The conjunction of \(p\) and \(q\), denoted \(\boldsymbol{p \wedge q}\), is the proposition "\(p\) and \(q\)". It is true only when both \(p\) and \(q\) are true.

Let \(p\): "\(n\) is a multiple of \(2\)" and \(q\): "\(n\) is a multiple of \(3\)".
The conjunction \(p \wedge q\) is "\(n\) is a multiple of \(2\) and \(n\) is a multiple of \(3\)",which means that \(n\) is a multiple of both \(2\) and \(3\) (for example, \(n = 6, 12, 18, \dots\)).

The disjunction of \(p\) and \(q\), denoted \(\boldsymbol{p \vee q}\), is the proposition "\(p\) or \(q\)". It is true if at least one of \(p\) or \(q\) is true. This is an inclusive or.

Let \(p\): "\(n\) is a multiple of 2" and \(q\): "\(n\) is a multiple of \(3\)".
The disjunction \(p \vee q\) is true if \(n\) is a multiple of 2, or a multiple of 3, or both (e.g., for \(n=2, 3, 4, 6, 8, 9, \dots\)).

The negation of a conjunction or a disjunction follows a specific pattern known as De Morgan's Laws.

• Negation of a Conjunction: \(\boldsymbol{\neg(p \wedge q) \Leftrightarrow (\neg p \vee \neg q)}\)
  To negate an "and" statement, you negate each part and change the "and" to an "or".
• Negation of a Disjunction: \(\boldsymbol{\neg(p \vee q) \Leftrightarrow (\neg p \wedge \neg q)}\)
  To negate an "or" statement, you negate each part and change the "or" to an "and".

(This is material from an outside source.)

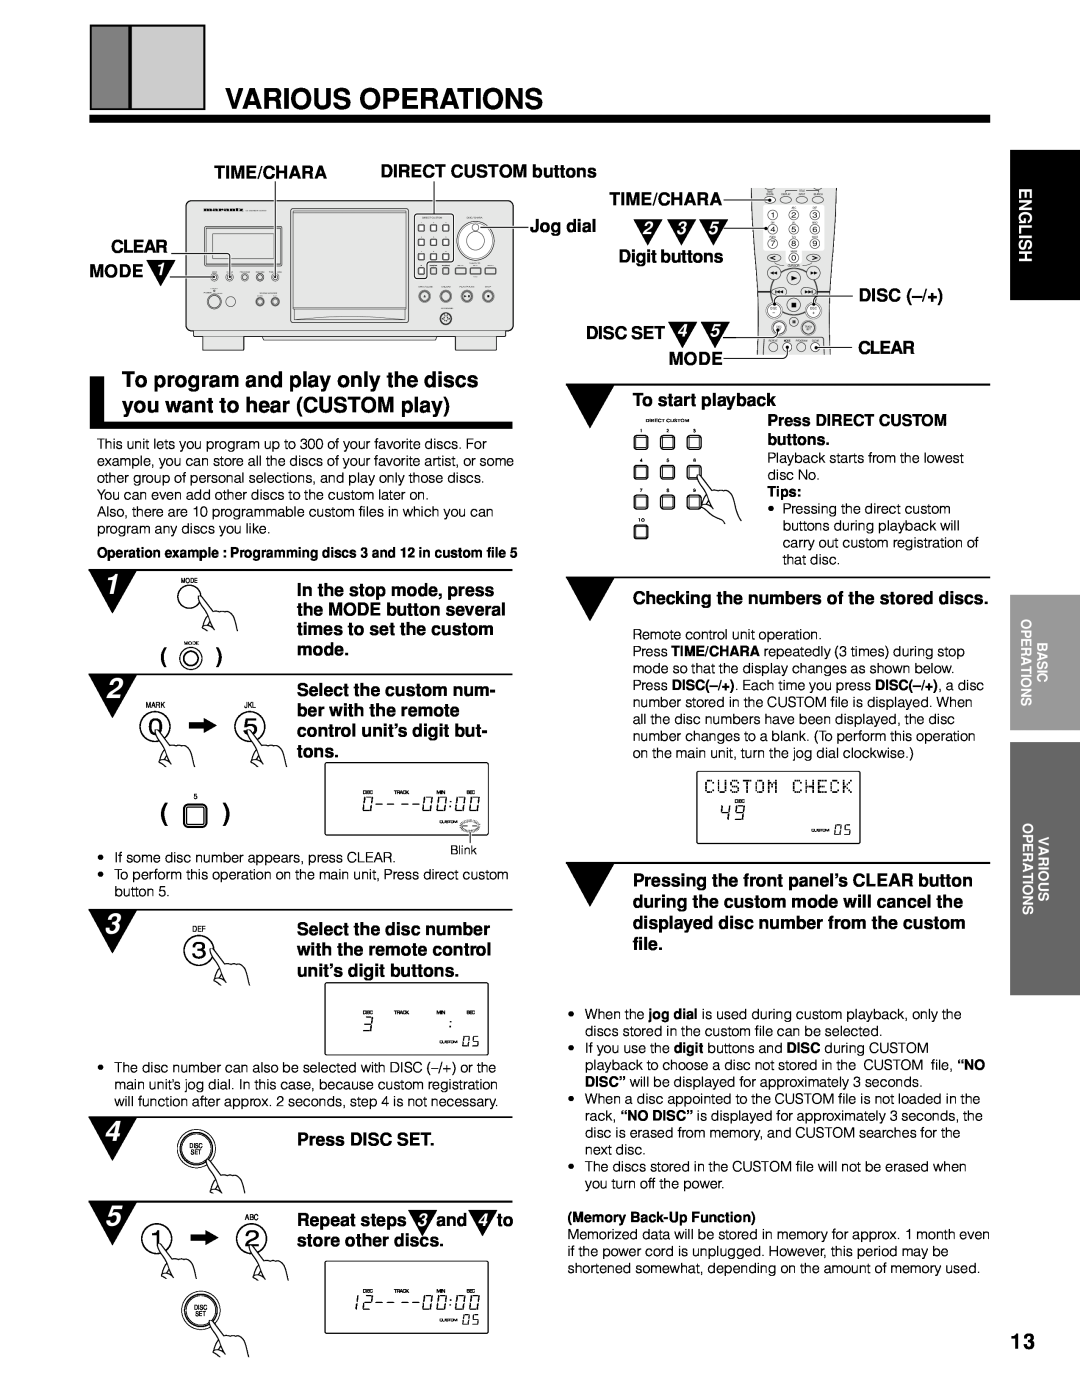 Marantz CC9100 manual Various Operations, English

Find the negation of the statement "\(x \le 1\) or \(x > 4\)".

Implications capture deduction: from \(p\) we may conclude \(q\). If \(p\Rightarrow q\) and \(p\) is true, then \(q\) must be true.

An implication, denoted \(\boldsymbol{p \Rightarrow q}\), is the proposition "if \(p\), then \(q\)". It is false only when \(p\) is true and \(q\) is false.

For the implication \(p \Rightarrow q\):

• The converse is \(q \Rightarrow p\).
• The contrapositive is \(\neg q \Rightarrow \neg p\).
• The inverse is \(\neg p \Rightarrow \neg q\).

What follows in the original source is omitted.